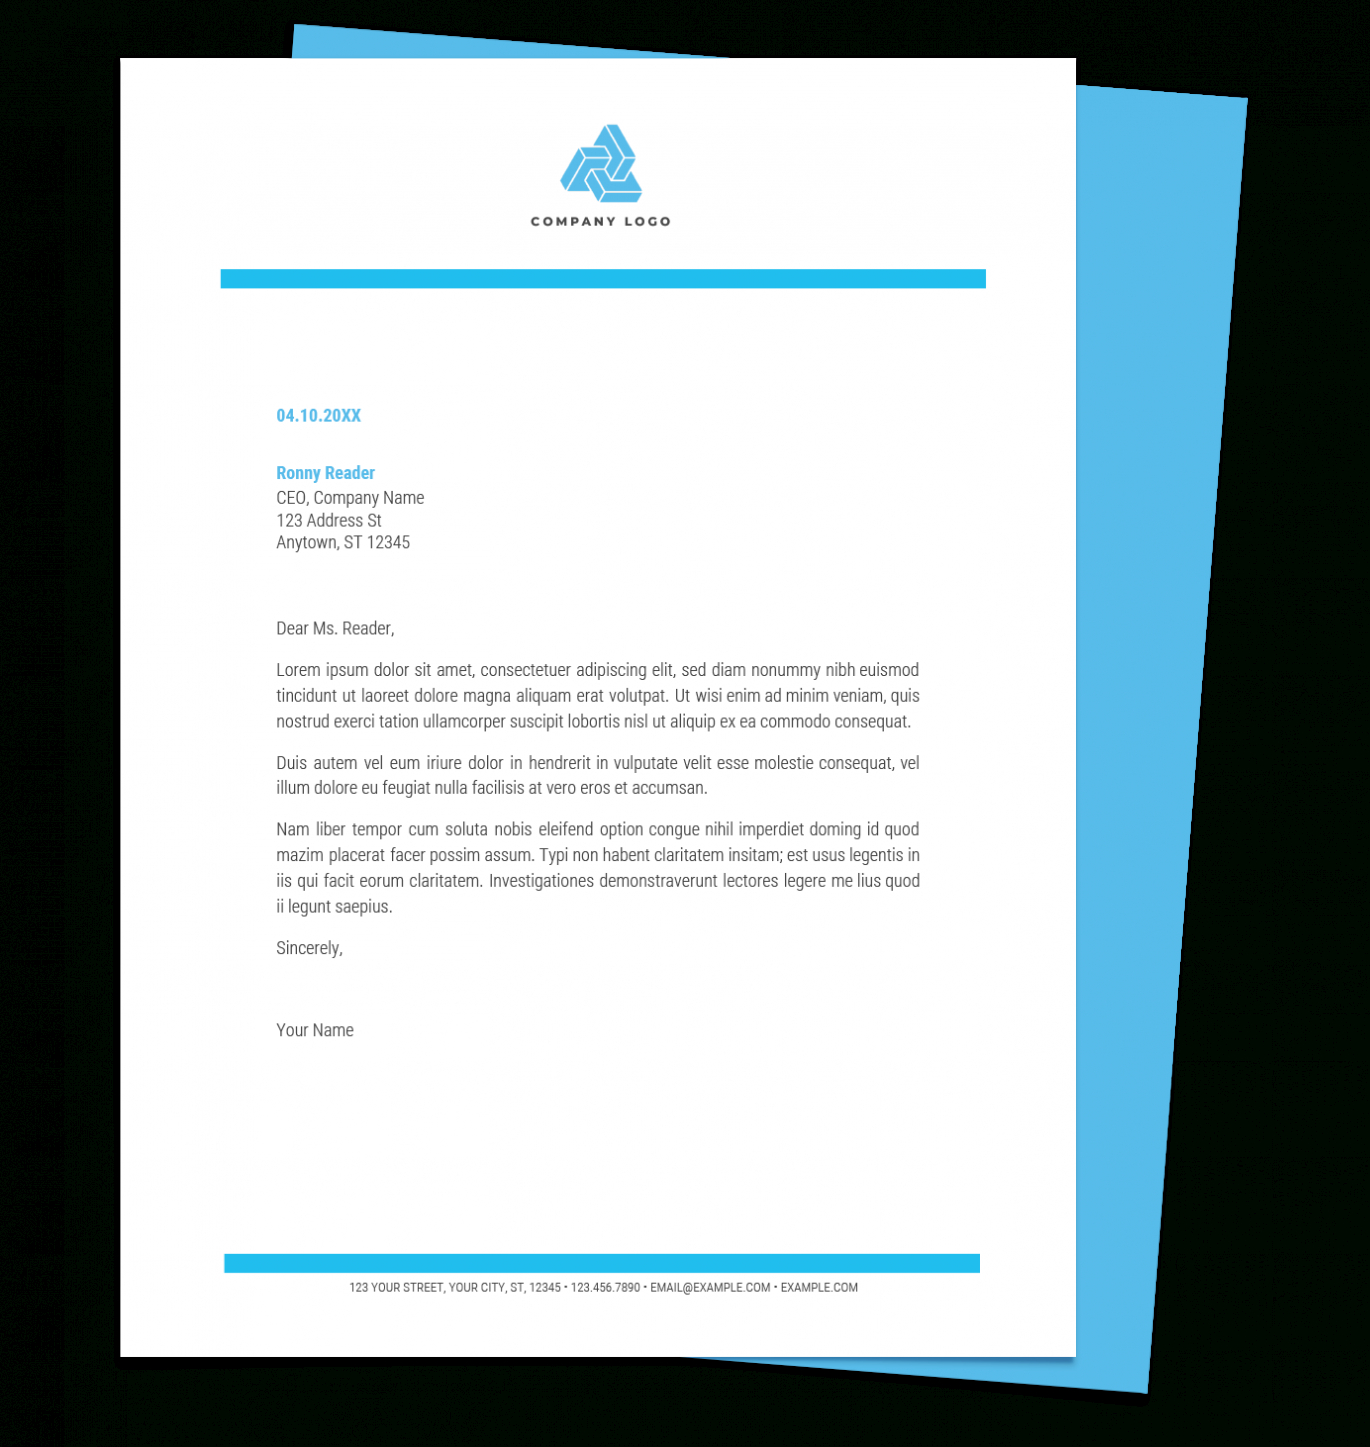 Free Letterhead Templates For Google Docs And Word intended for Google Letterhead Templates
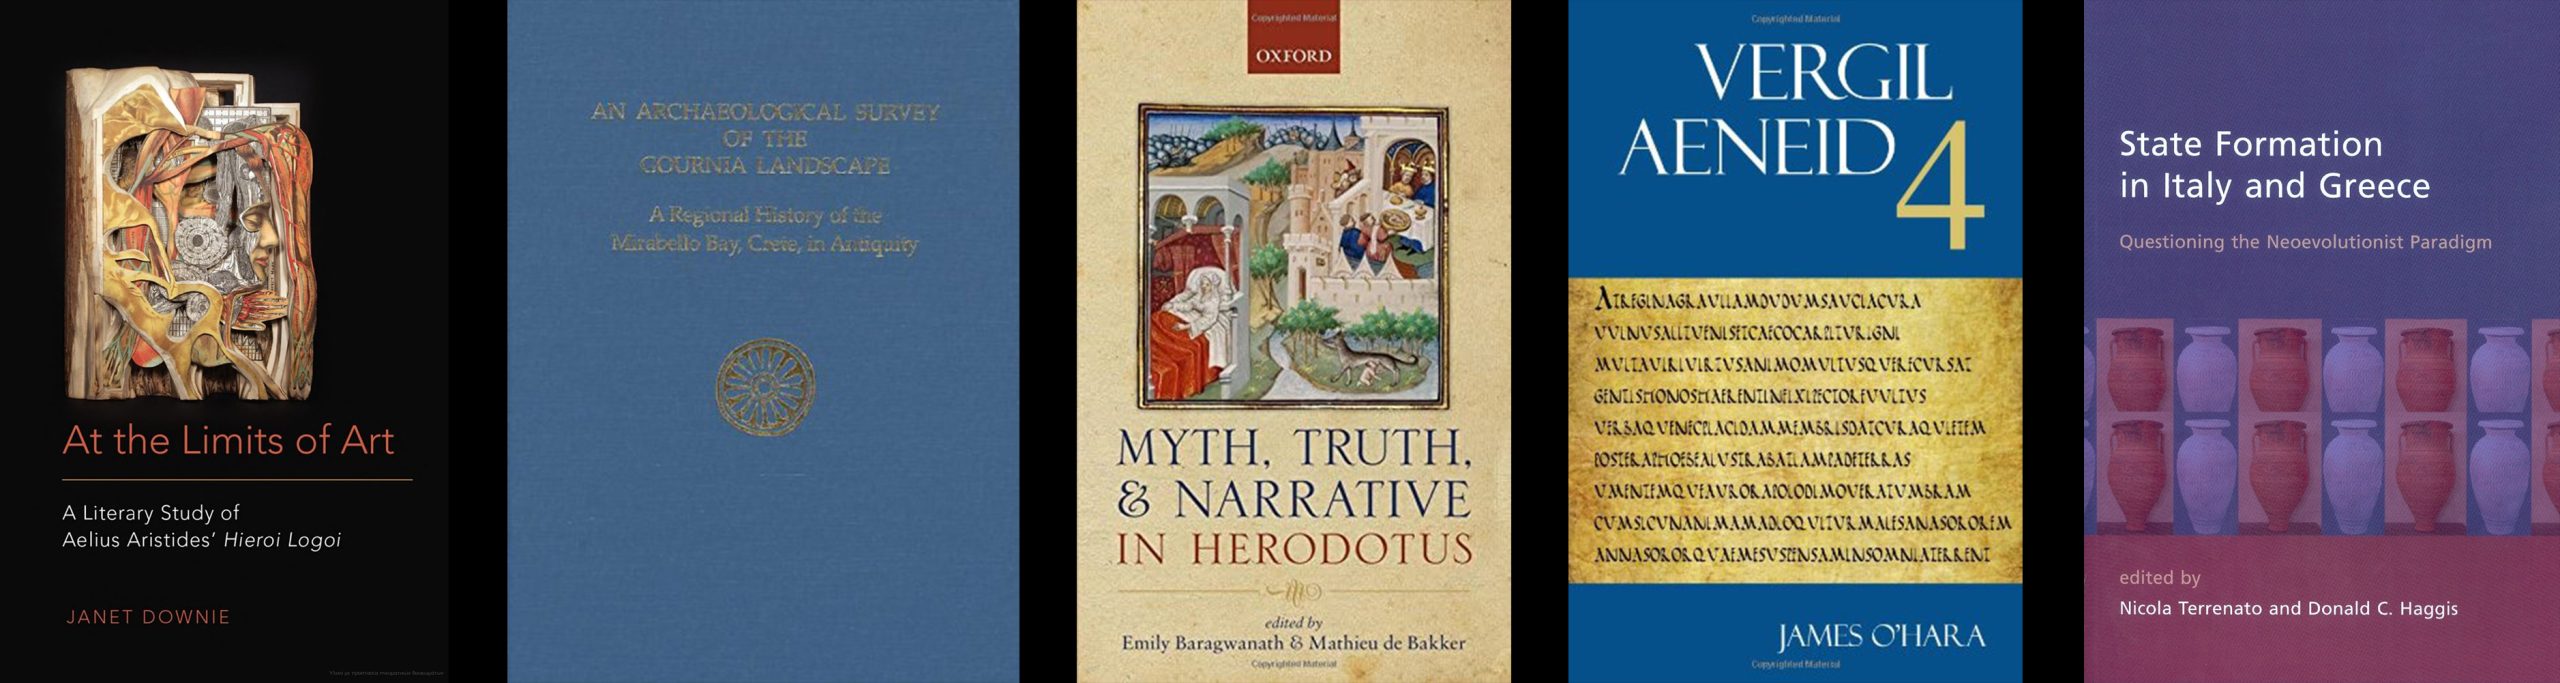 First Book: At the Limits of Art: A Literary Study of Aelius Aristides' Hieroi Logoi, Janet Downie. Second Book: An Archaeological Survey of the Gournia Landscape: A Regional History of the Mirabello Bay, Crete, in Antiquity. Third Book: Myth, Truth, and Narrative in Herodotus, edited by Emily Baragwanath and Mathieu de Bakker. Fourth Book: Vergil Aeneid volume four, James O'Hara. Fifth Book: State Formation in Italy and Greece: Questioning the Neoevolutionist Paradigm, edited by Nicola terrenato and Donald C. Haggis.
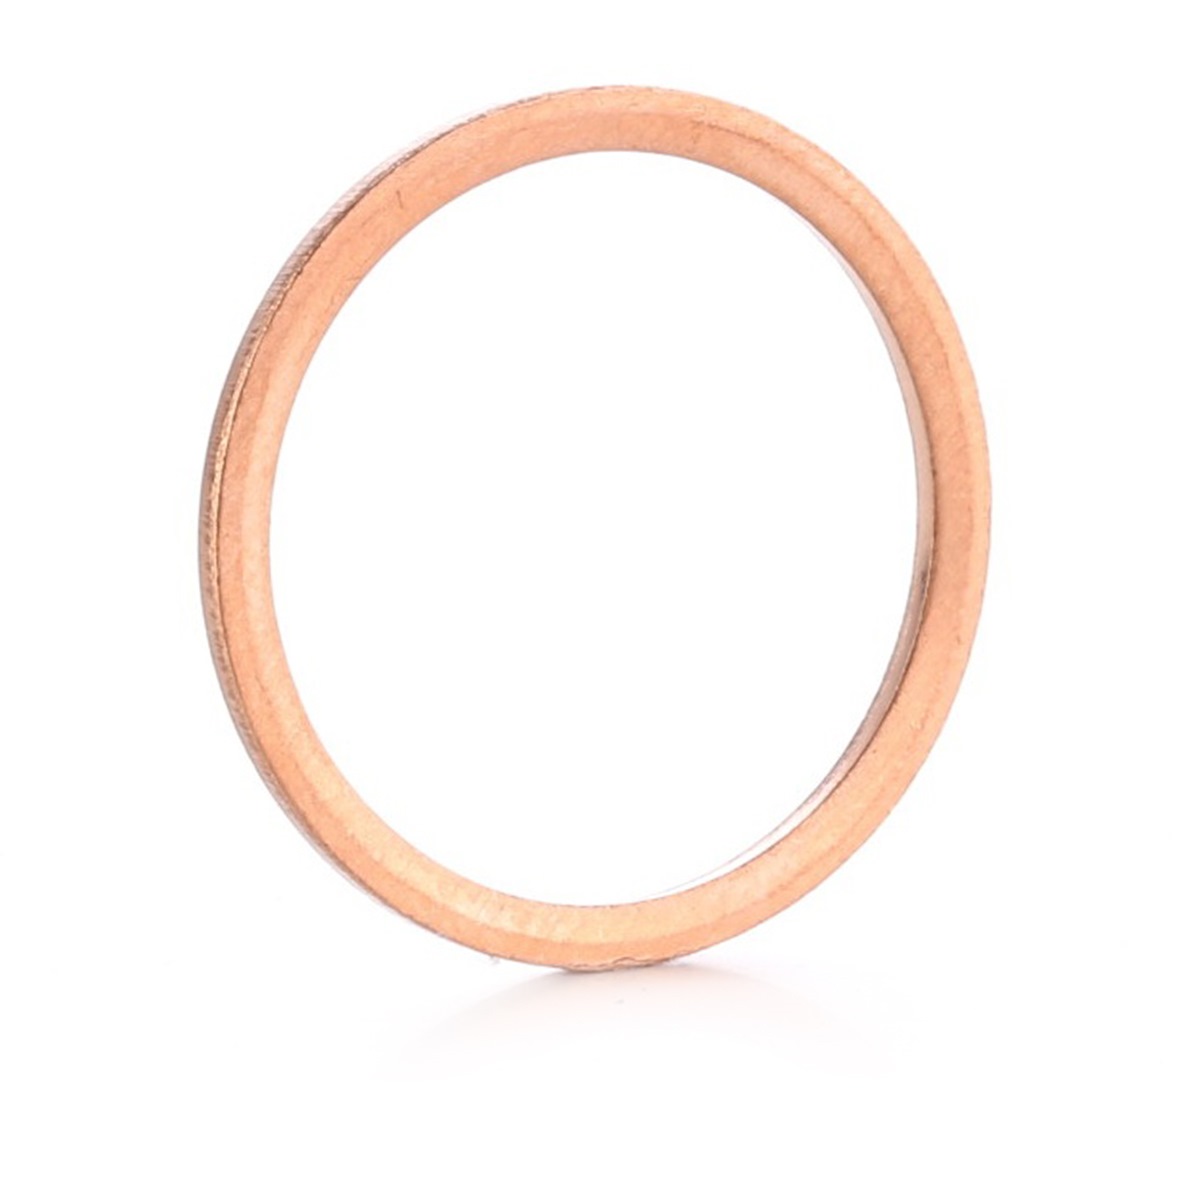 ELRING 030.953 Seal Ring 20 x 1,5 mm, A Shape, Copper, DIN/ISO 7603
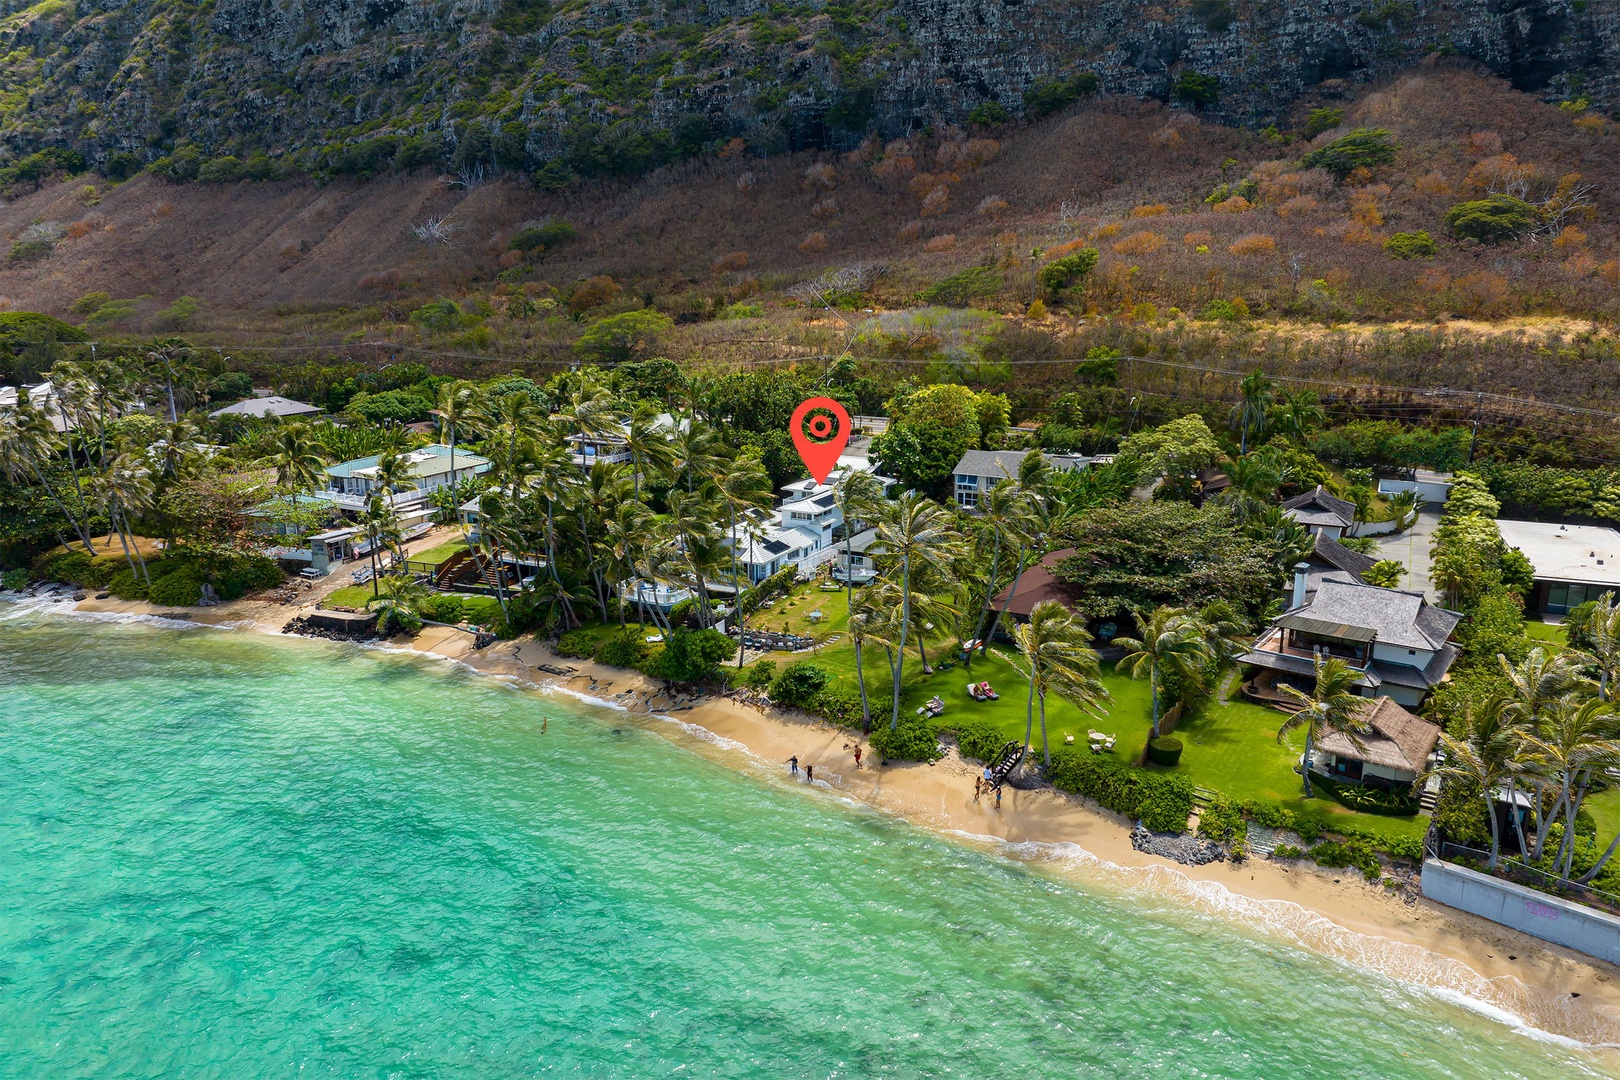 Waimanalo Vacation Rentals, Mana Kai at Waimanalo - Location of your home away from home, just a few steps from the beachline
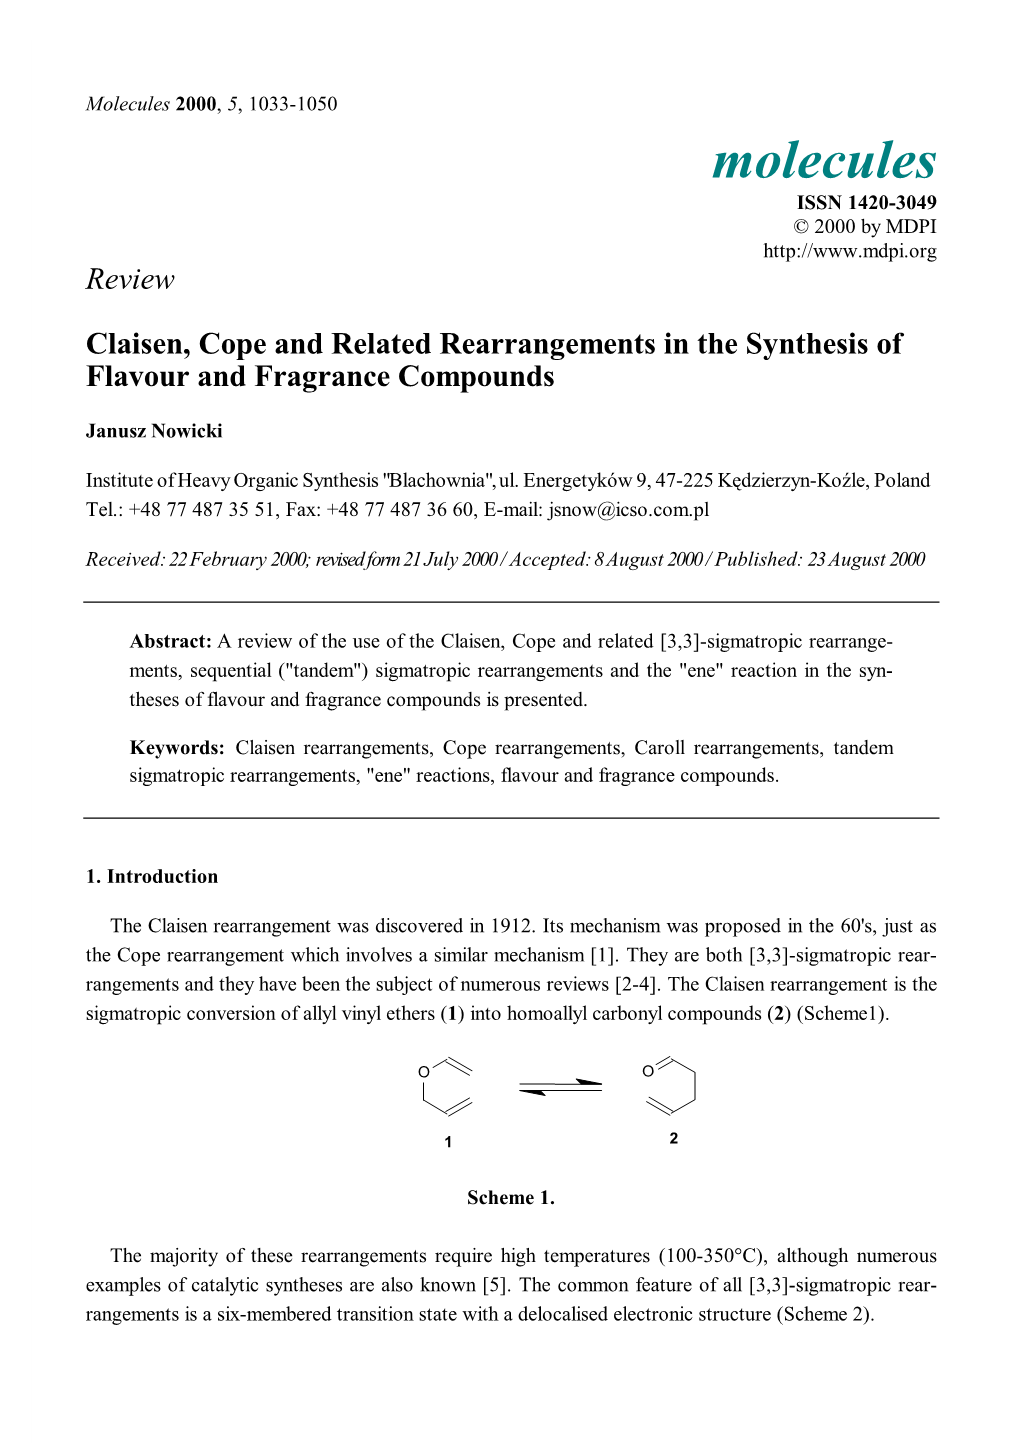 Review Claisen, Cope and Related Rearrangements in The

----

## EXERCISE PROMPT
Only the pictures are to be left out; copy all the remaining material above exactly.

## FINAL ANSWER
 Free Letterhead Templates For Google Docs And Word intended for Google Letterhead Templates
 First Book: At the Limits of Art: A Literary Study of Aelius Aristides' Hieroi Logoi, Janet Downie. Second Book: An Archaeological Survey of the Gournia Landscape: A Regional History of the Mirabello Bay, Crete, in Antiquity. Third Book: Myth, Truth, and Narrative in Herodotus, edited by Emily Baragwanath and Mathieu de Bakker. Fourth Book: Vergil Aeneid volume four, James O'Hara. Fifth Book: State Formation in Italy and Greece: Questioning the Neoevolutionist Paradigm, edited by Nicola terrenato and Donald C. Haggis.
 ELRING 030.953 Seal Ring 20 x 1,5 mm, A Shape, Copper, DIN/ISO 7603
 Waimanalo Vacation Rentals, Mana Kai at Waimanalo - Location of your home away from home, just a few steps from the beachline
 Review Claisen, Cope and Related Rearrangements in The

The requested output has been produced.